# Task instructions
When the data below is printed, every line must match exactly and the images must be absent.

# Data extract
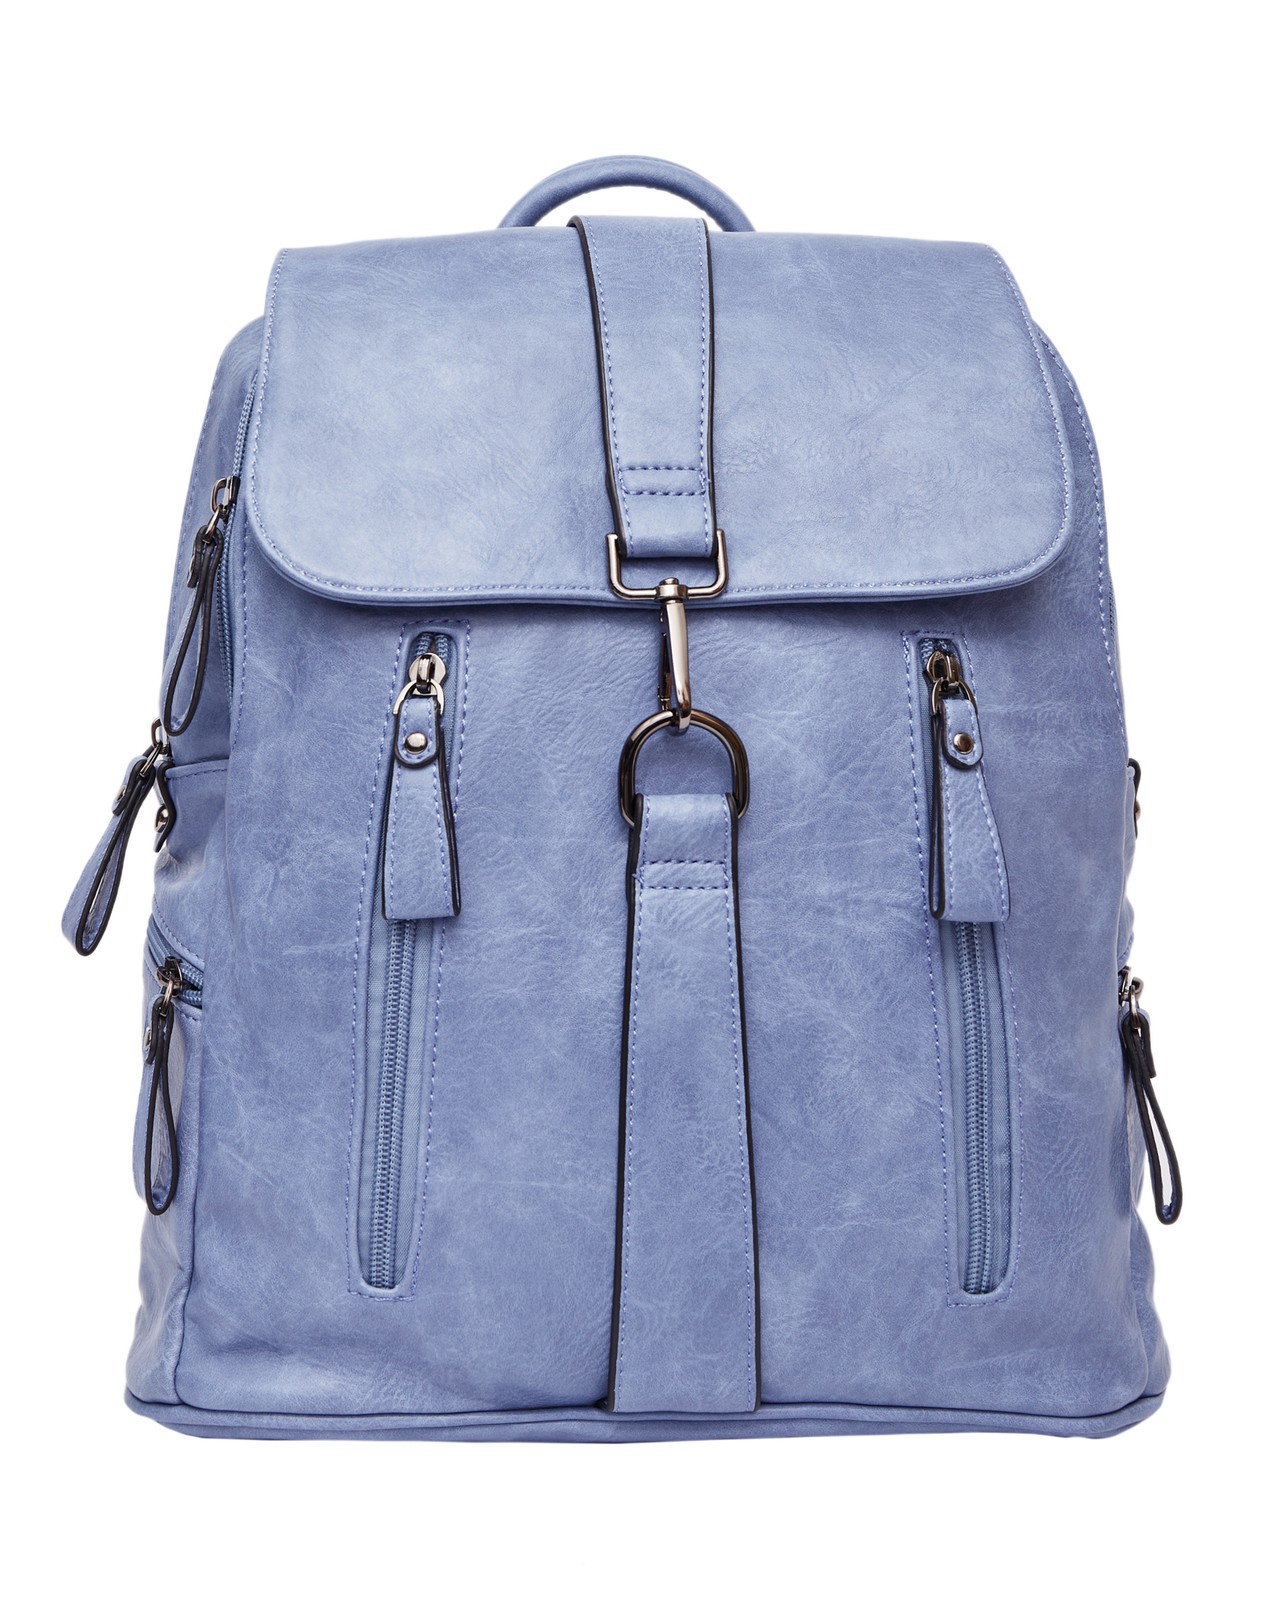 Рюкзак женский BAGS-ART PY1971 голубой, 35х30х10 см
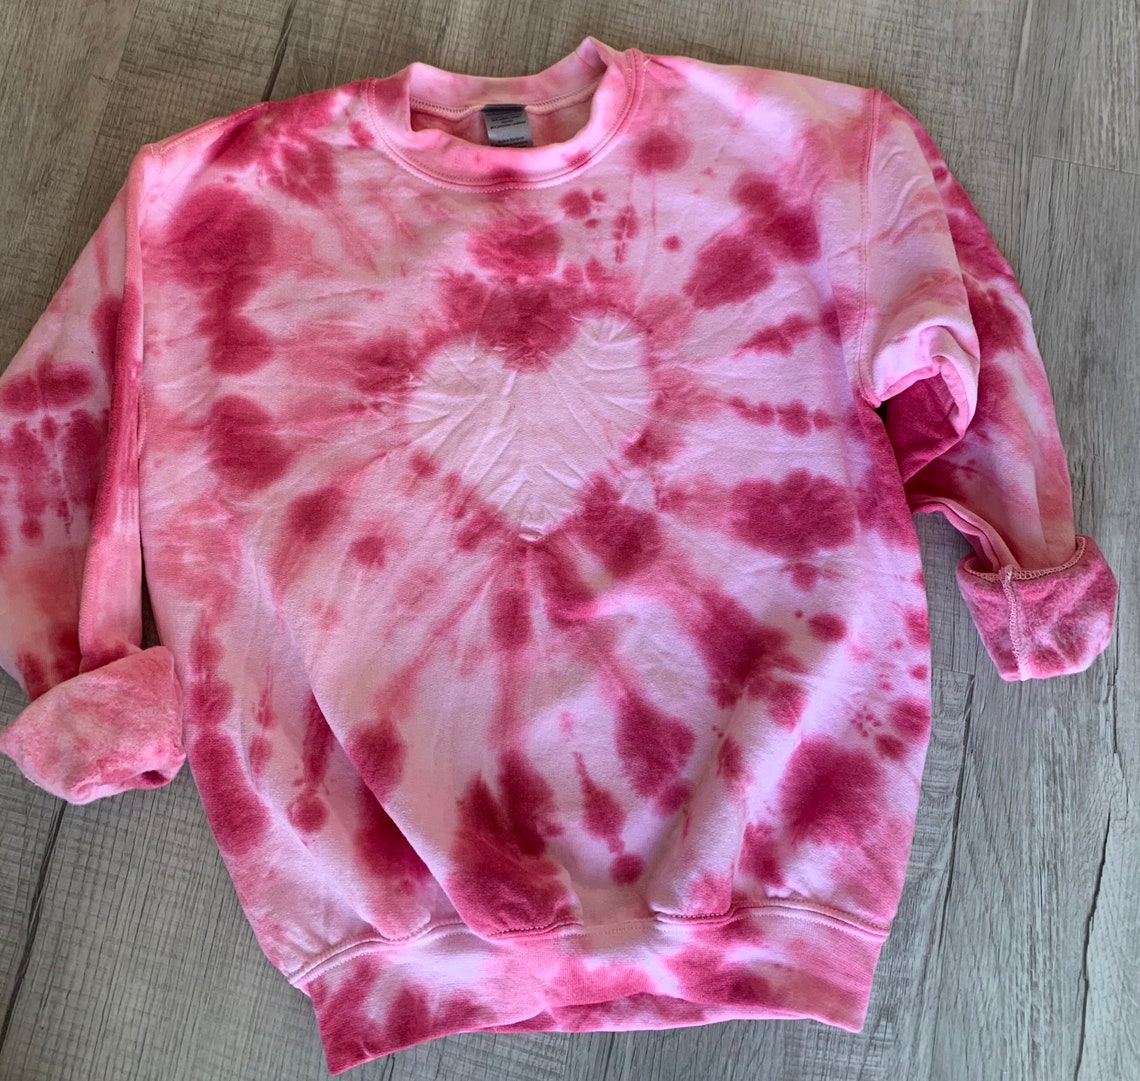 Heart tie dye shirt/sweatshirt-Adult | Etsy
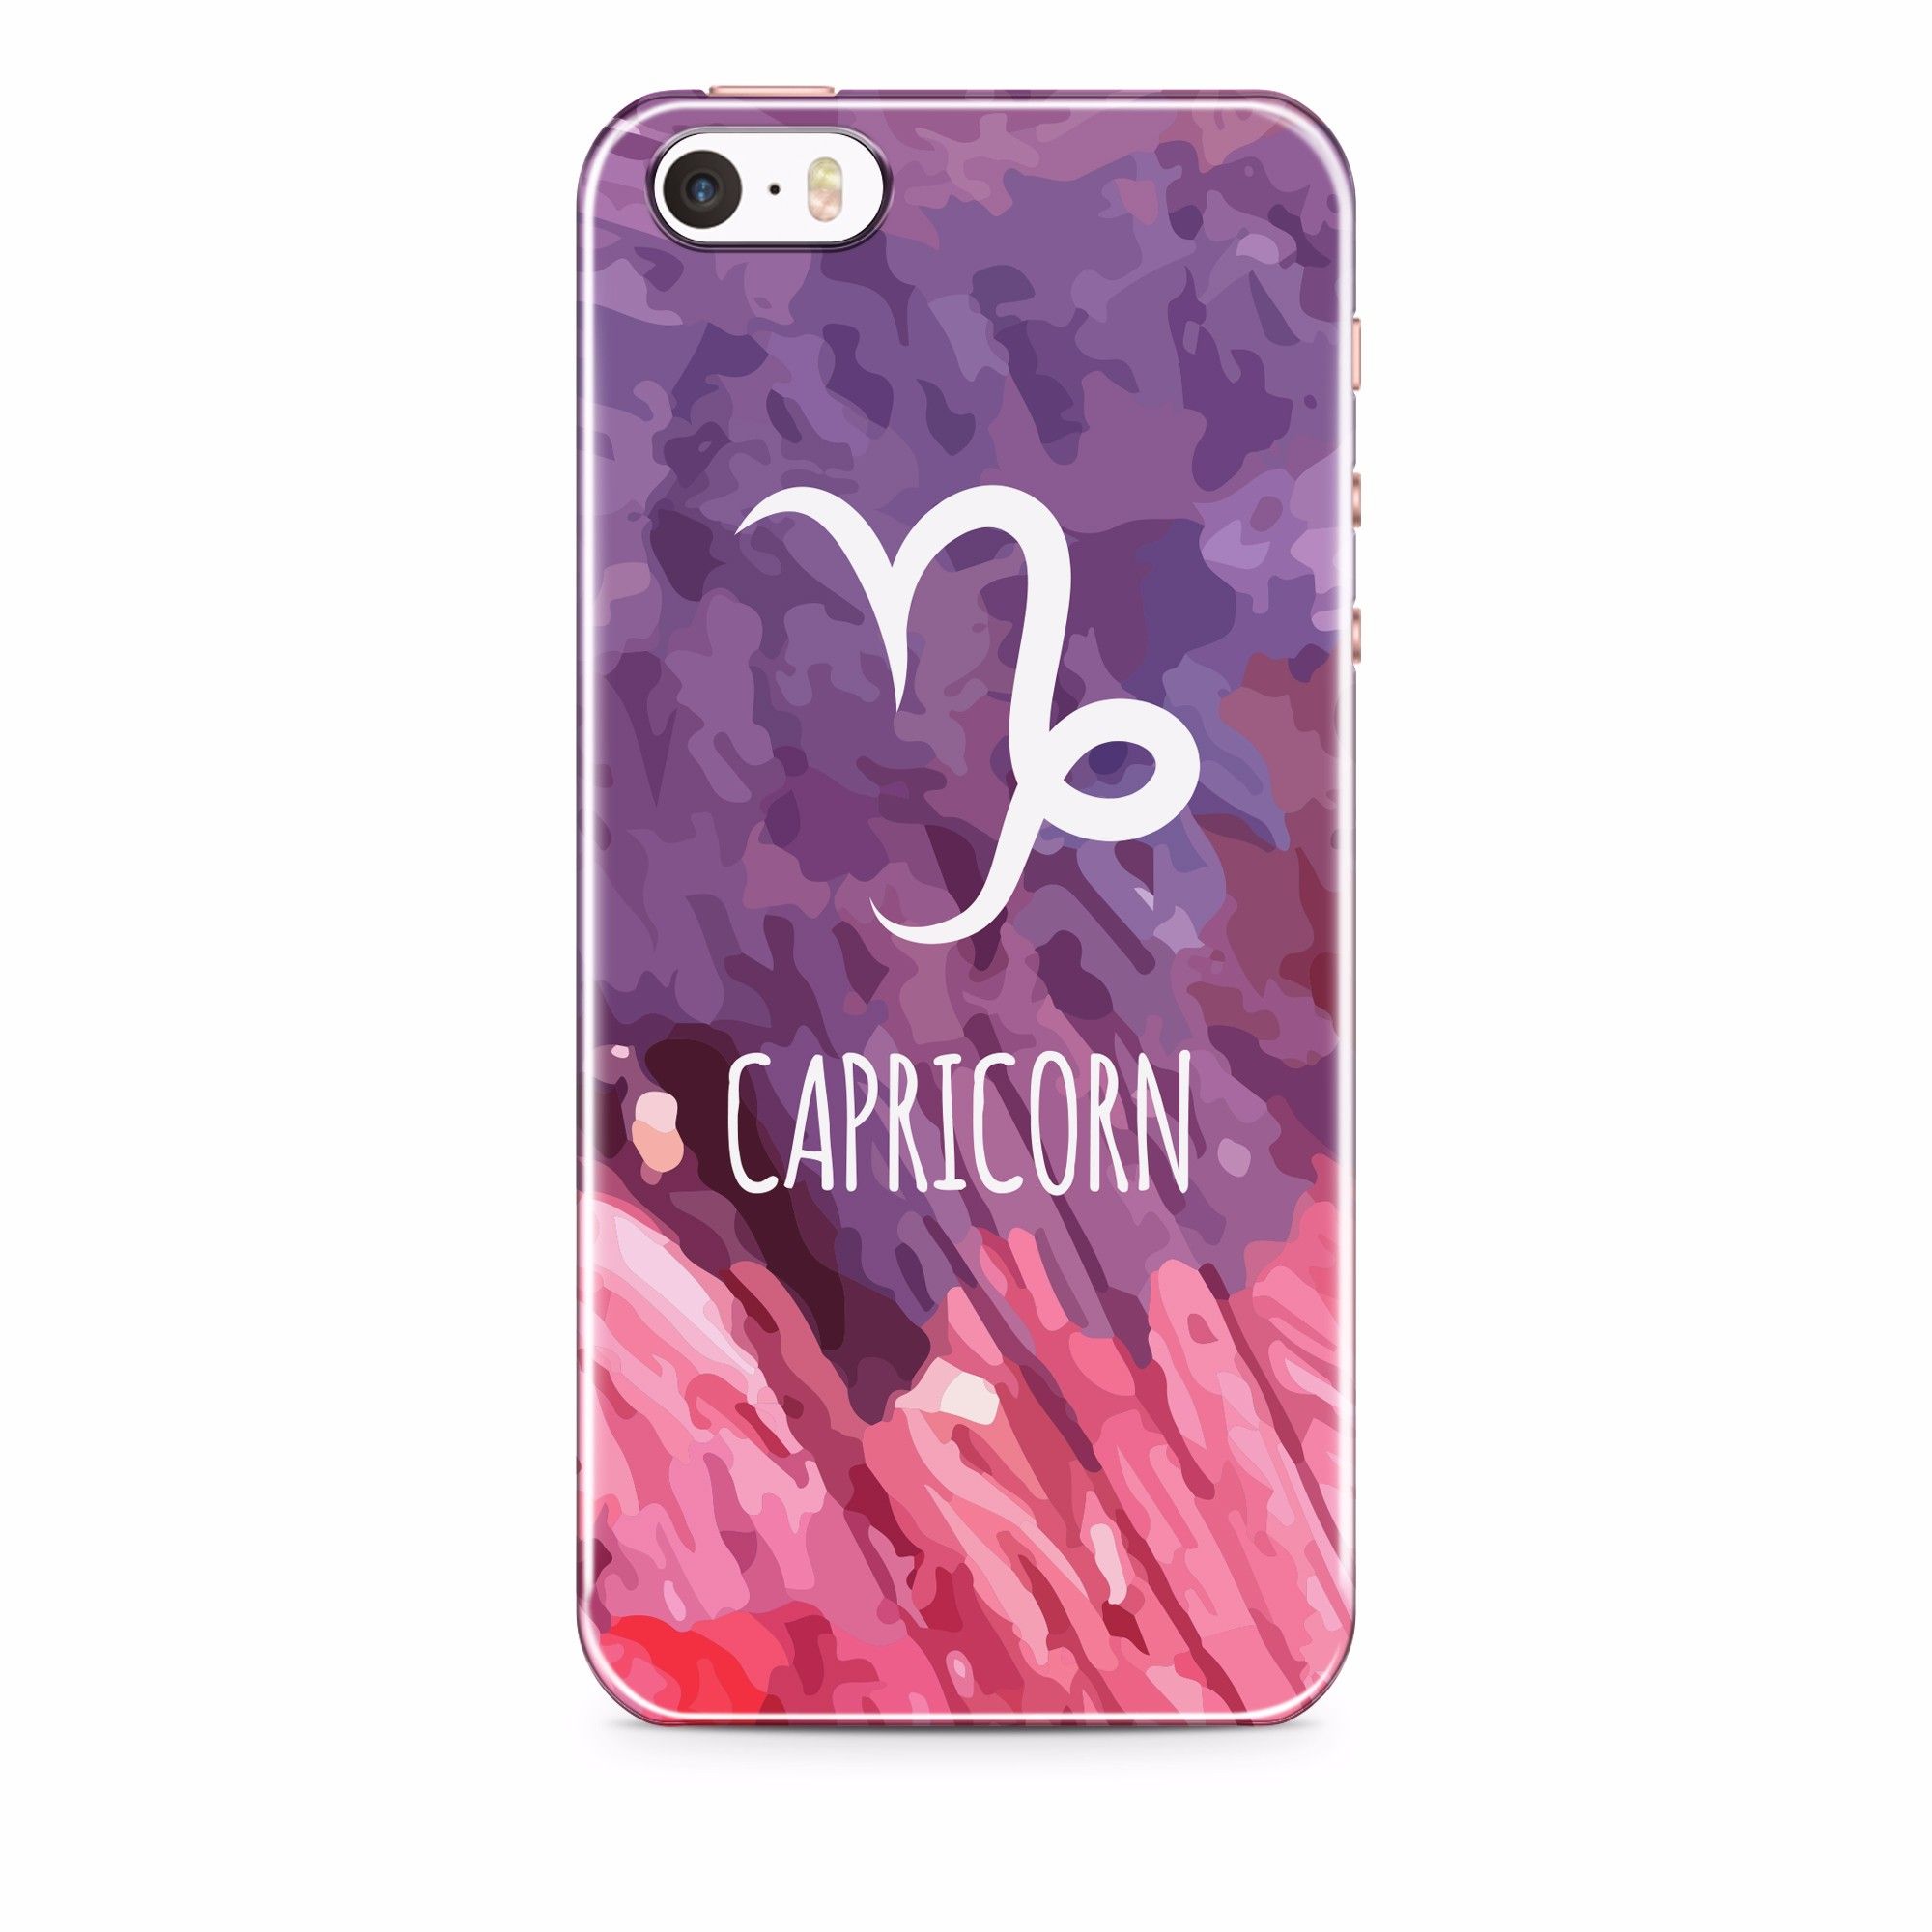  Capricorn - Iphone 5,5s,SE

# Exercise answer
 Рюкзак женский BAGS-ART PY1971 голубой, 35х30х10 см
 Heart tie dye shirt/sweatshirt-Adult | Etsy
  Capricorn - Iphone 5,5s,SE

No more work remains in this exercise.